In another observational retrospective study including 3,993 hospitalized patients with COVID-19 in New York City, AKI occurred in 1,835 patients (46%) and 347 (19%) required RRT. From a total of 976 patients (24%) admitted to intensive care, 76% developed AKI. AKI in hospitalized COVID-19 patients was correlated with higher ICU admissions, mechanical ventilation, administration of vasopressors, and higher in-hospital mortality (45% vs. 7%). Regarding kidney recovery and prognosis, among 832 discharged patients with AKI, 65% had AKI recovery and 35% presented kidney dysfunction during hospital discharge. Hence, these findings showed that approximately 40% of patients did not present kidney recovery81. The retrospective data from Thakkar et al. (2020)71 collaborators presented similar findings as 50.8% of patients required RRT and only 30.0% of those patients survived and no kidney recovery was reported. Although 31.5% of patients were discharged from RRT therapy and approximately 70.0% of these patients survived, it is not possible to predict their kidney function in the future and they must be followed by nephrologists71.

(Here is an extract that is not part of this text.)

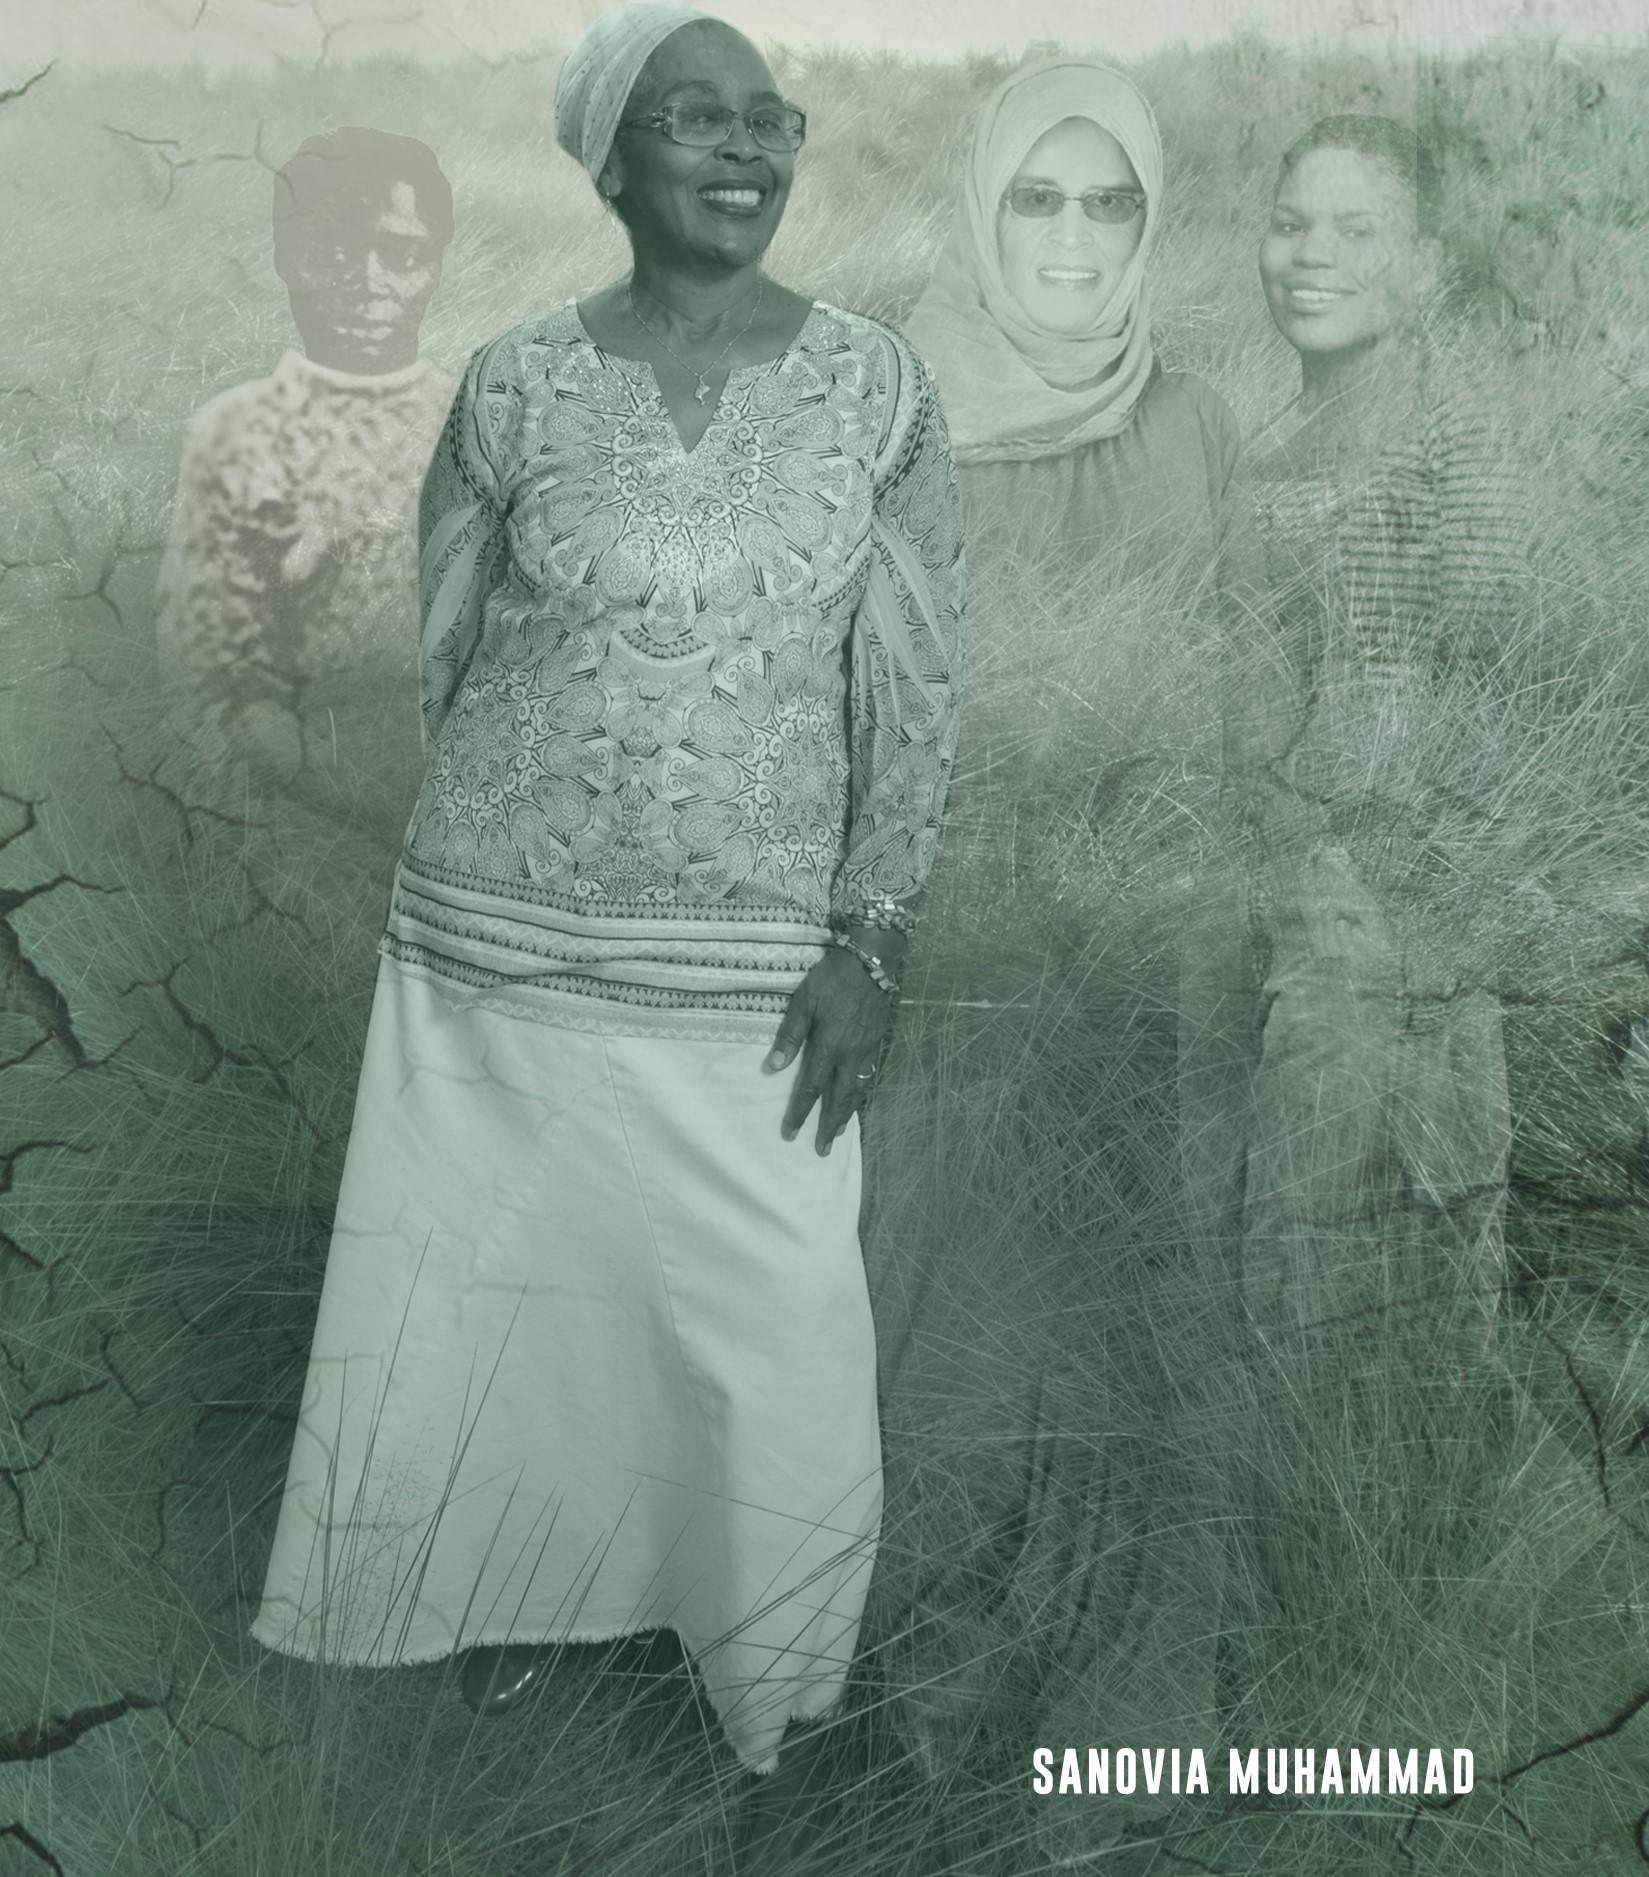 Sanovia Muhammad

On the other hand, Wilbers et al. (2020)82 in a retrospective analysis investigating mortality and kidney recovery of 37 critically ill patients with COVID-19 requiring RRT evidenced that RRT was not associated with a significant increase in mortality when compared to patients with AKI not requiring RRT. A total of 30 patients were admitted to the ICU and 60.0% developed AKI. Mortality was higher in patients with AKI compared to patients without AKI (41 vs. 20%). Moreover, 22 patients (59%) with AKI required RRT, and patients in the RRT group were younger, presented higher creatinine and BUN levels and higher incidence of oliguria compared to the non-RRT group. Comparing mortality rates between patients with AKI-RRT and AKI not requiring RRT, the mortality rate was slightly higher among patients requiring RRT (44 vs. 39%). Interestingly, kidney function recovery to stage 1 AKI was observed in 64% of patients upon discharge from the ICU82.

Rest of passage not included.